For Augstein, his inclusion on the list only confirmed his own previously stated claim that Jews tend to use the label promiscuously, as a smear against legitimate criticism of the Jewish state. Last April, when Günther Grass published his now infamous poem “What Must Be Said,” alleging that a “general silence” had descended over Germans on the subject of Israel because “the verdict ‘Anti-semitism’ falls easily,” Augstein was, aside from neo-Nazis, one of his few defenders in the country. “Grass knew that he would be chided as an anti-Semite, a risk taken by any German critic of Israel,” Augstein wrote at the time.

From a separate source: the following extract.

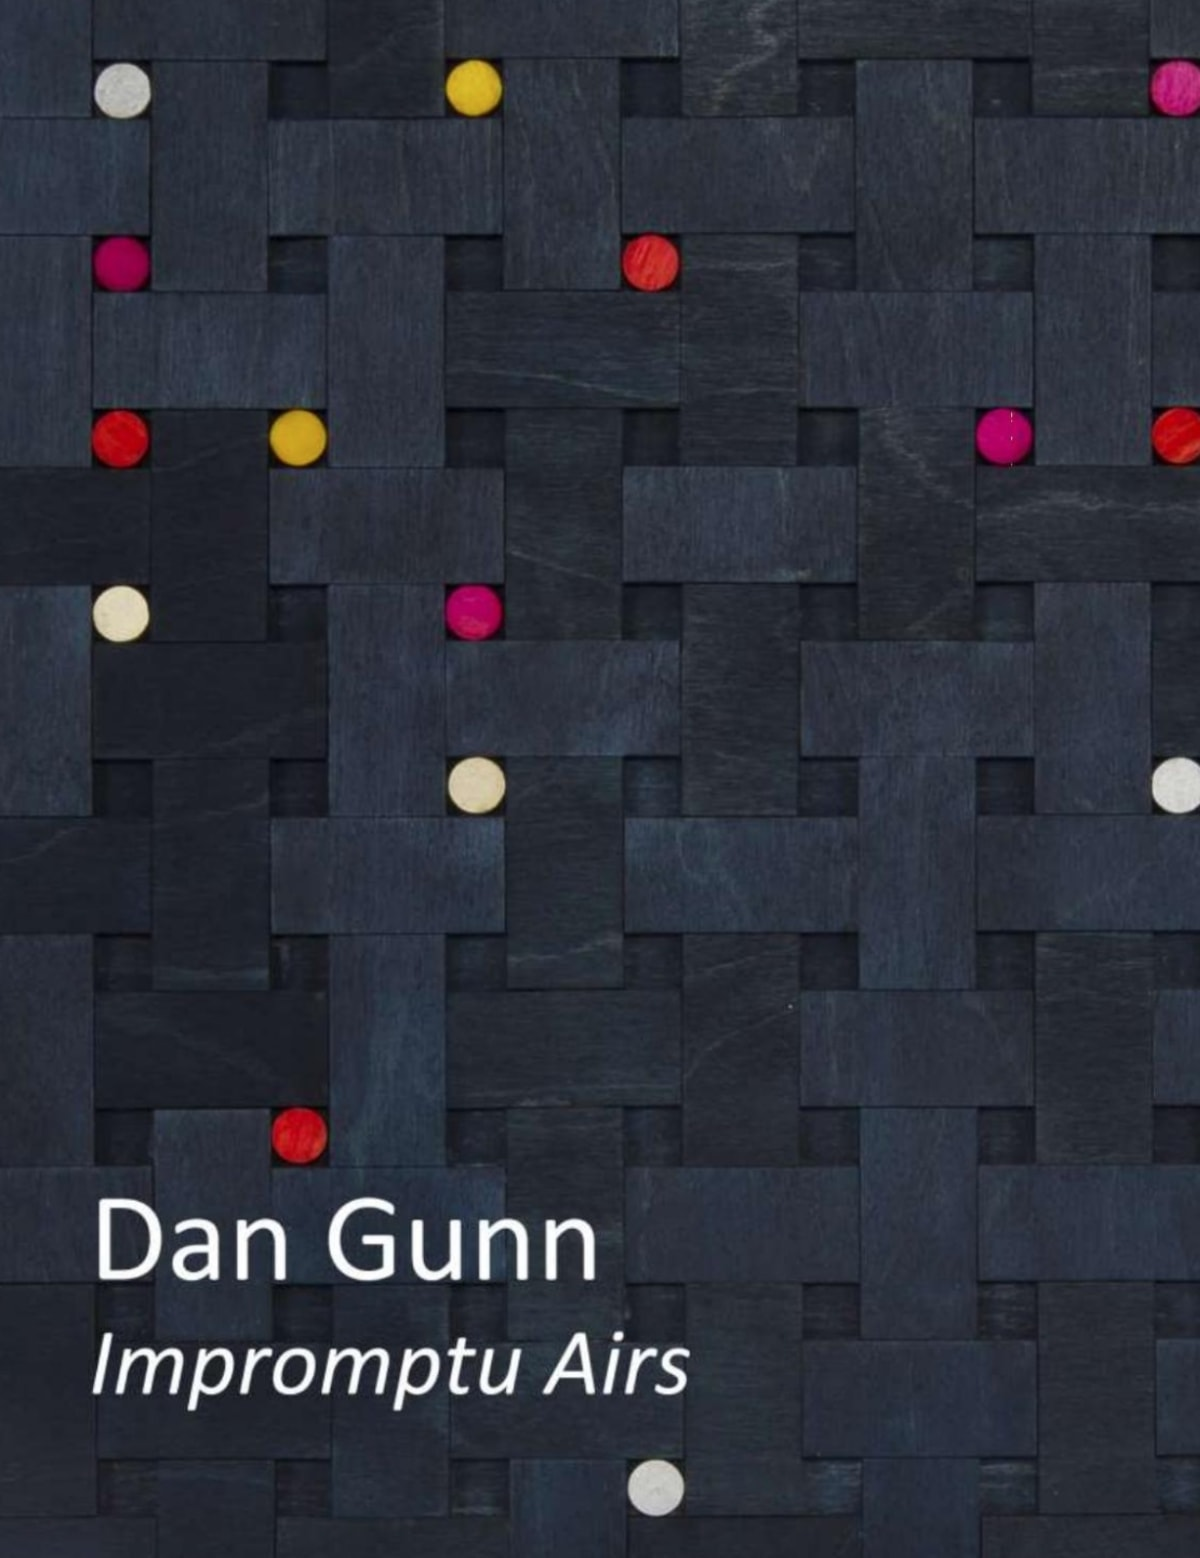 Dan Gunn: Impromptu Airs

Is Augstein right? While most of Germany’s intellectual class and commentariat—along with a slew of prominent politicians—sided forcefully against Grass nine months ago, this latest episode has produced almost exactly the opposite reaction. As Spiegel characterized Augstein’s presence on the list: “It seemed like a completely unexpected stab in the back—a startling assault from someone who is generally considered to be harmless.”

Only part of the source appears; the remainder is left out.